Tolga D Dittrich, MD
European Stroke Organisation Conference
May 4-6, 2022
The session chaired by William Whiteley (UK) and Iris Grundwald (UK) focused on current applications and possible future areas of utilization of artificial intelligence (AI) in the field of stroke.
Helle Collatz Christensen from Denmark gave the opening lecture on early stroke detection in the emergency setting. Since experience has shown that emergency medical services do not always correctly recognize a relevant proportion of stroke symptoms at an early stage, the question for Professor Christensen was how to improve stroke recognition. “AI can help us,” Christensen said. Christensen and his team collected telephone contacts between emergency callers and the dispatcher. Based on this data, an AI algorithm was developed that analyzes conversations for stroke suspicious patterns to identify suspected stroke cases early and inform the dispatcher. Existing data on AI recognition of cardiac arrest is already promising. However, Christensen sees one of the challenges in that stroke is different from cardiac arrest due to various possible symptoms.

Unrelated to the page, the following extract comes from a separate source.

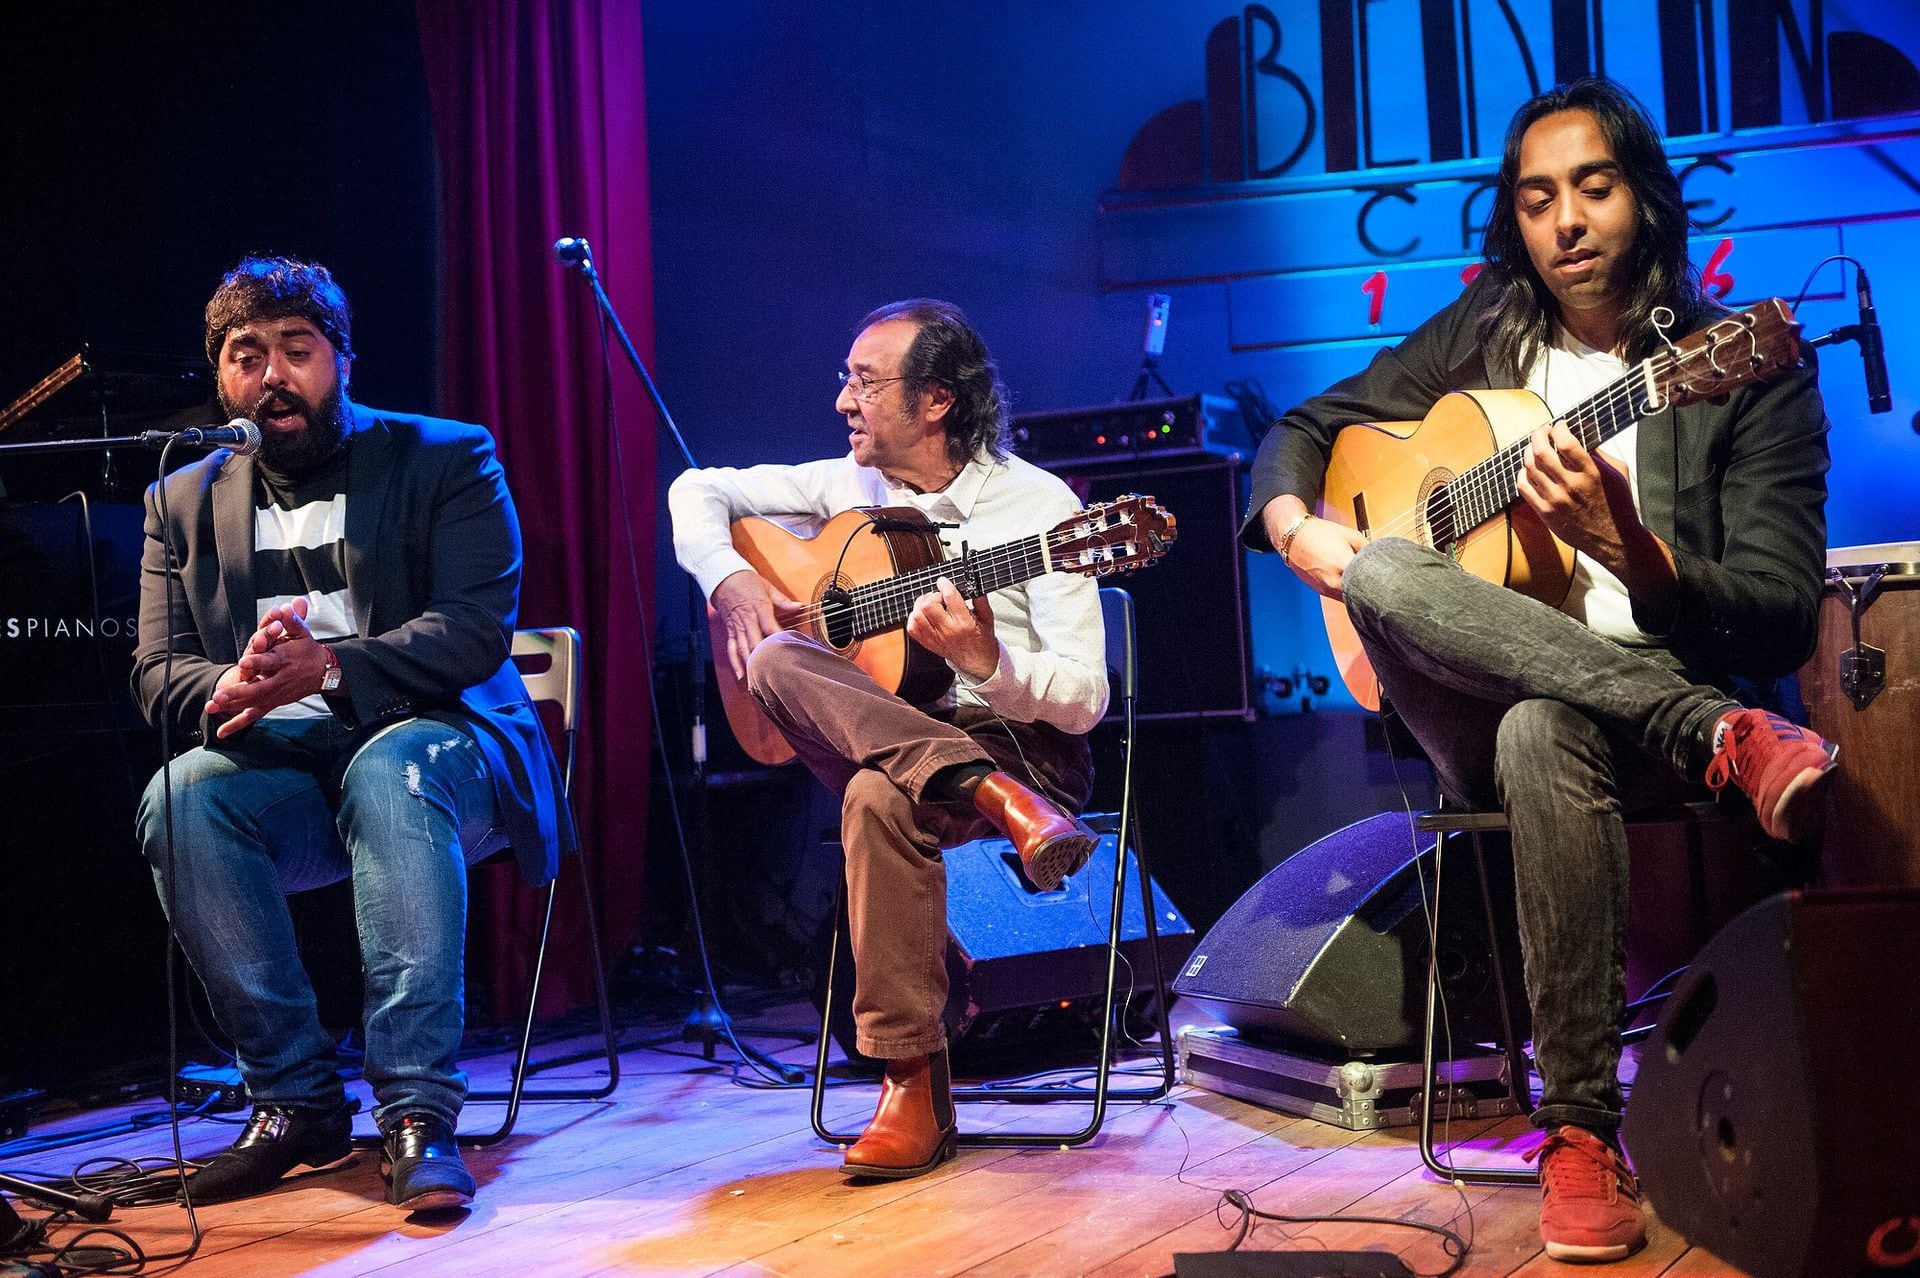 David de la Jacoba, Pepe Habichuela (el veterano guitarrista flamenco) y Carlos de la Jacoba, en una de las actuaciones en el Café Berlín de Madrid

The second presentation was by Philip White (UK) on the strengths and weaknesses of current AI applications in stroke imaging. The main areas of application include automated ASPECTS scoring, penumbra evaluation on CT perfusion, large vessel occlusion, and hemorrhage detection. According to White, these approaches are promising as they could accelerate treatment pathways. However, caution is advised in clinical application: These tools should still be seen as decision support rather than primary diagnostic devices.
Signild Åsberg from Sweden presented insights into application areas of AI and big data in the AF context. “Big data is information, AI is treatment of information,” Åsberg explained. The application areas are broad and start with the prediction of AF, for example, by AI-enhanced ECGs. Here, AI-enhanced systems have been shown to identify individuals with AF from recordings of normal sinus rhythm. According to Åsberg, this example illustrates one of the constraints of AI technology: the lack of insight into the criteria by which AI-based categorizations are made. The “black box of unsupervised deep learning” is something to be aware of, Åsberg said. In summary, she sees AI technology as having the potential to improve stroke prevention in AF, but the role and the optimal methodology still need to be defined.
In his speech, Alfons Hoekstra (Netherlands) provided exciting insights into computational modeling possibilities for stroke acute therapy. The catchwords in this context were so-called “in silico clinical trials.” These are computer models using virtual patients to simulate treatment and brain tissue damage scenarios to estimate clinical outcomes. Preliminary research shows remarkable congruence in predictive accuracy with registry data and points in a promising direction.
The last speaker was Christian Gerloff from Germany, who introduced AI tools in stroke rehabilitation. In the future, AI could help optimize external assistance systems for mobility-impaired individuals. One of the current challenges is the fine adaptation of the devices. This is necessary for upper extremity assistive systems, for example, so that both the fast catching of a ball and the slow, fine grasping of an object become possible. Here, Gerloff sees a potential application of AI to simplify and improve the personalization of devices.
The session provided a fascinating overview of AI applications that have already been implemented in practice as decision support tools, especially in stroke imaging, and the wide range of possible future applications in the stroke domain.